Перед моей третьей встречей с Андре я уже был равнодушен к Альбертине. Но должно было пройти еще много времени, прежде чем я почувствовал полное к ней равнодушие, и отдал я себе в этом отчет в Венеции.
Увезла меня туда на месяц с лишним моя мать, и – так как красота может заключаться и в драгоценных и в простых предметах – на меня там нахлынули впечатления, какие на меня часто производил Комбре, но только гораздо более яркие. Когда, в десять часов утра, в моей комнате отворяли ставни, я видел, как пылает на черном мраморе, в который превращалась сияющая черепичная крыша св. Илария, золотой Ангел на колокольне св. Марка. Через полчаса, когда я был на Пьяцетте, Ангел, ослепительно, так что больно становилось глазам, сверкая на солнце своими широко распустившимися крыльями, предвозвещал мне более близкую радость, чем та, какую он некогда призван был возвестить людям, взыскующим добра. Когда я лежал, я видел только его, но мир – это не более, чем огромные солнечные часы, на которых один-единственный освещенный участок указывает время. И в первое же утро я вспомнил комбрейские лавчонки на Церковной площади, которые, когда я шел к воскресной службе, должны были с минуты на минуту закрыться, а на рынке уже сильно пахло нагретой соломой. Но на другое утро, когда я встал с постели, я уже вспоминал свой первый выход в Венеции, где повседневность была не менее реальна, чем в Комбре. В Комбре хорошо было пройтись воскресным утром по праздничной улице, но здесь улица, освежаемая теплым дуновением ветра, вся сияла лазурью, и лазурь эта была так прочна, что мой усталый взгляд мог на ней покоиться, не боясь, что она померкнет под его тяжестью. Так же, как в Комбре, добрые люди с Птичьей улицы, здесь, в этом новом для меня городе, жители выходили из домов, вытянувшихся в ряд на длинной улице, но только в Венеции были не домики, отбрасывавшие короткую тень, а дворцы из порфира и яшмы.

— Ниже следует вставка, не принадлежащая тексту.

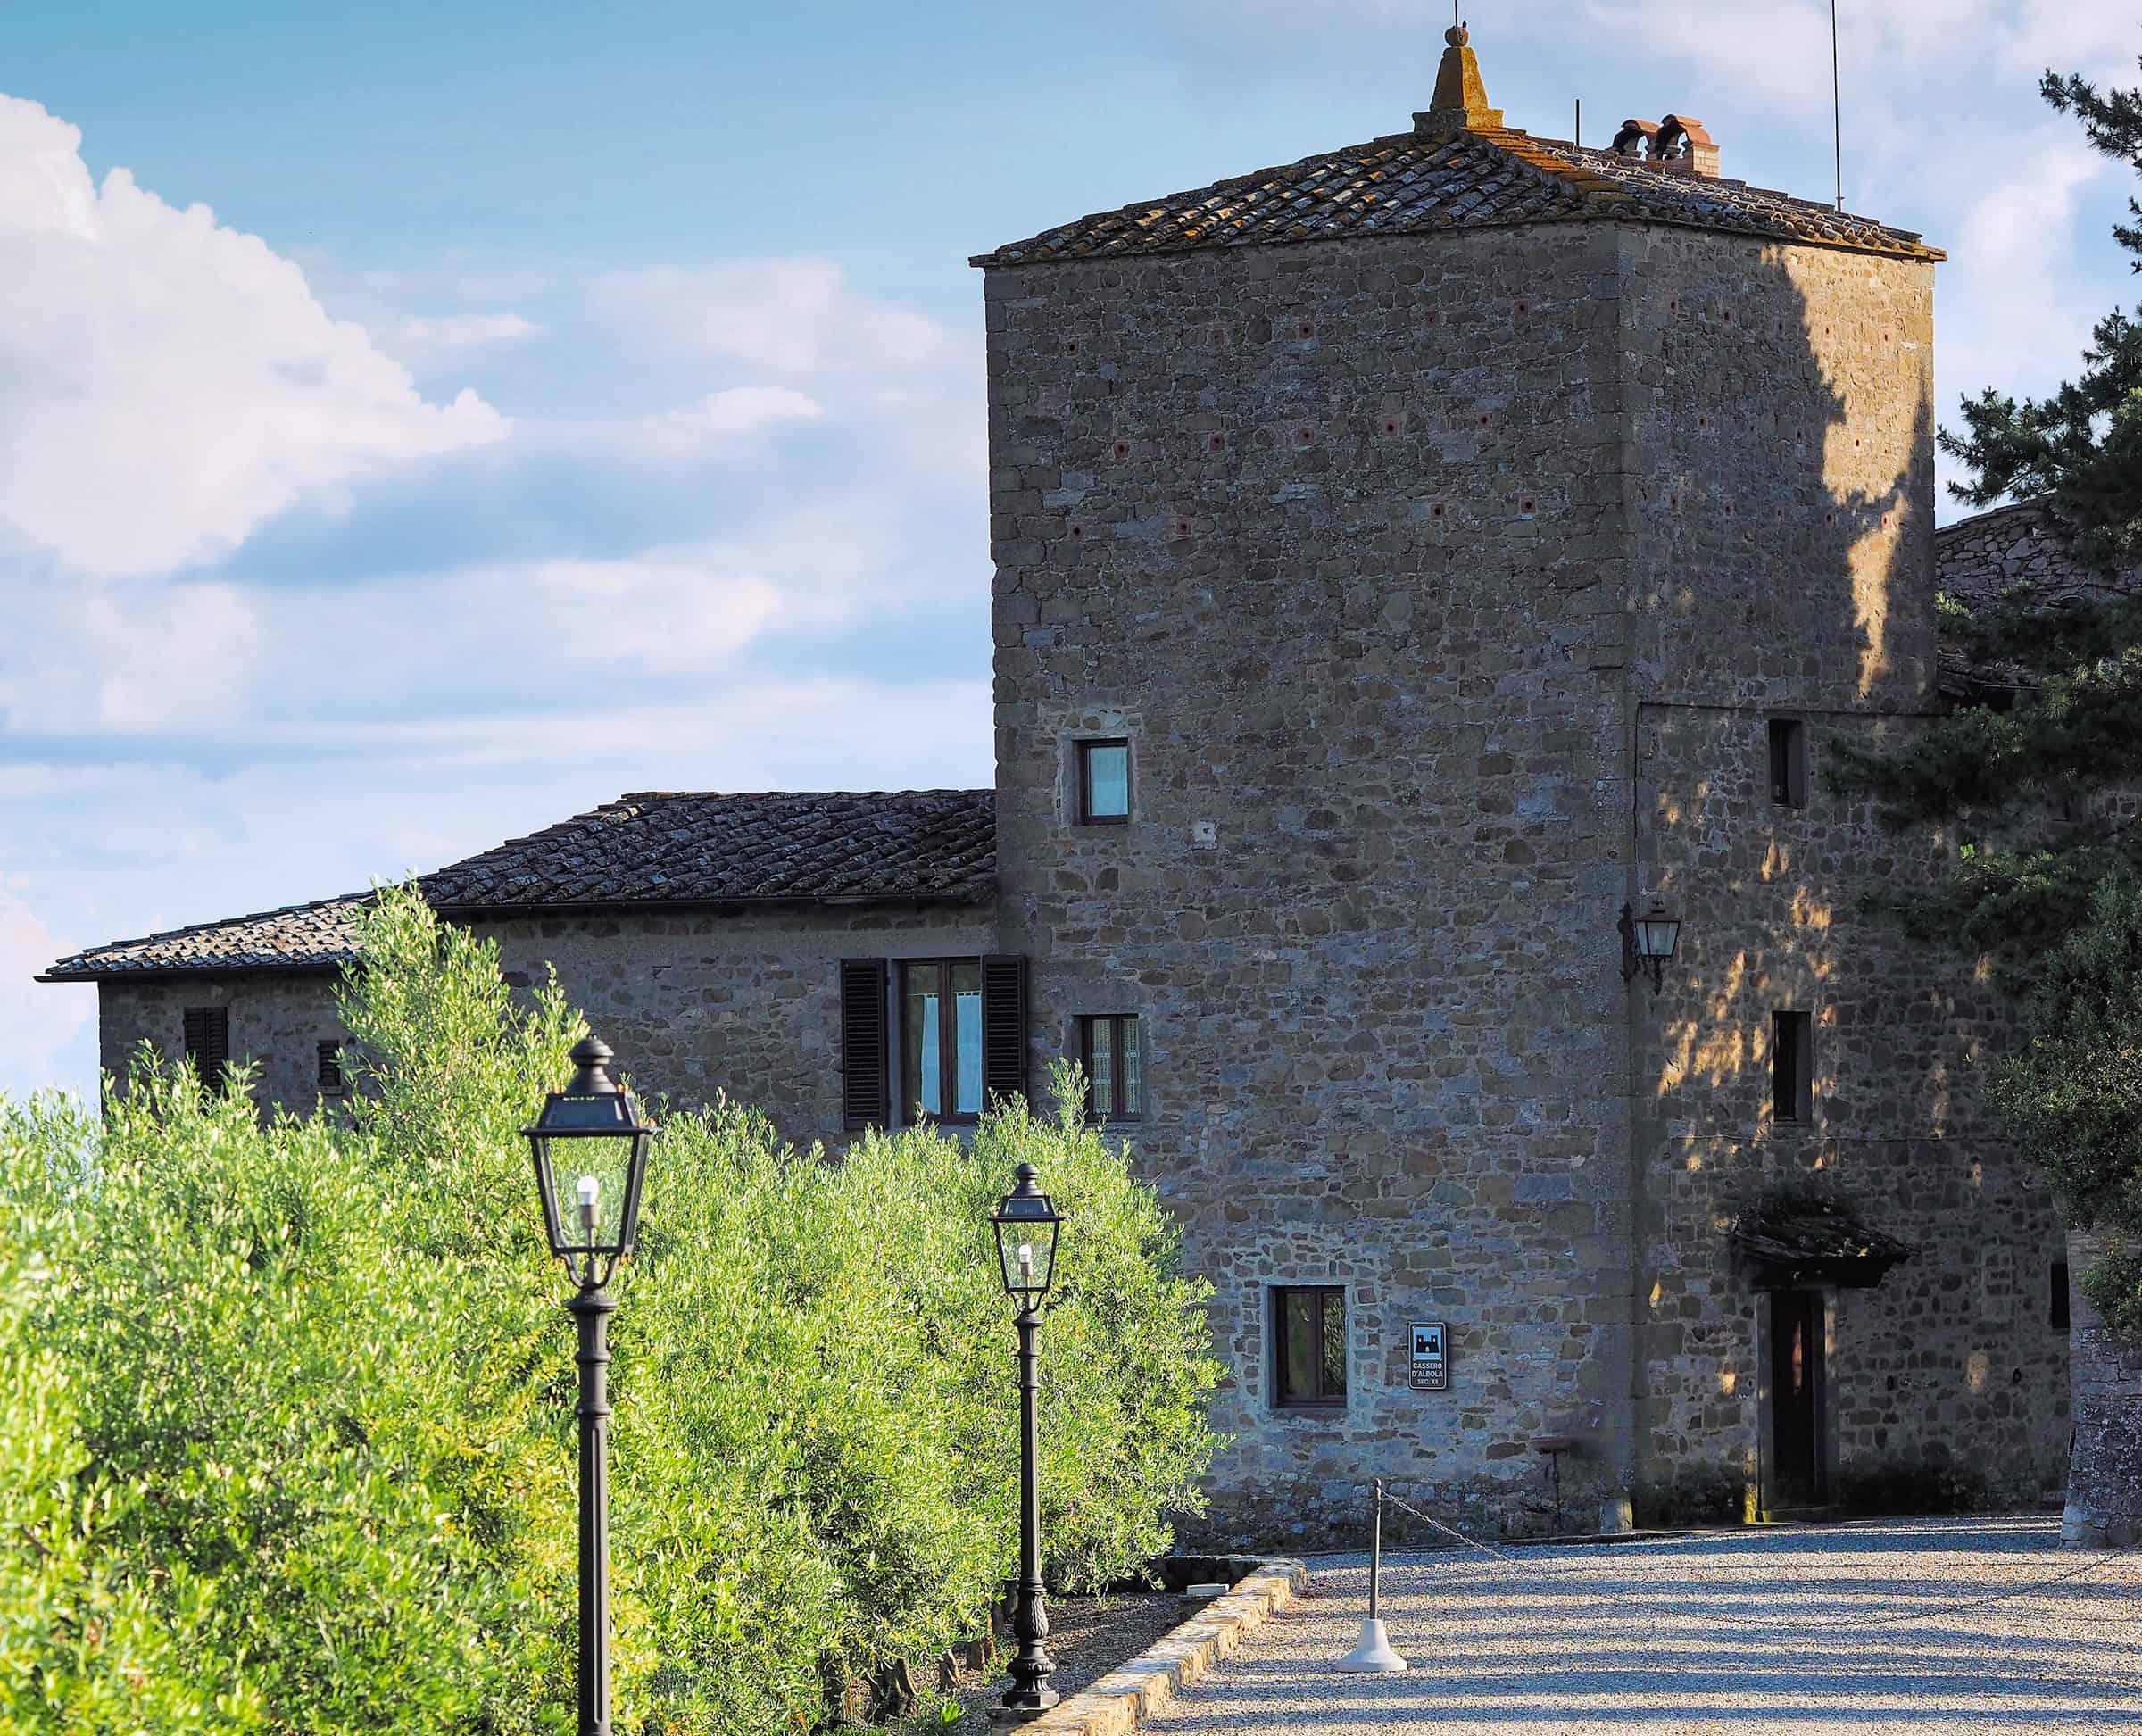 Castello d'Albola in Chianti

Солнце стояло высоко, когда мы с мамой направлялись к Пьяцетте. Мы подзывали гондолу. «Какое сильное впечатление произвела бы на твою бабушку эта величественная простота! – сказала мама, указывая на герцогский дворец, смотревший на море с задумчивым видом, который придал ему зодчий и который он сохранил до сих пор, молча ожидая исчезнувших дожей. – Ей бы даже понравилась нежность этих розовых тонов, потому что она не слащава. Как твоя бабушка полюбила бы Венецию!» Вид на дома, расположенные по обеим сторонам Канале Гранде, напоминал картину, созданную природой, но только такой природой, которая обладала бы человеческим воображением.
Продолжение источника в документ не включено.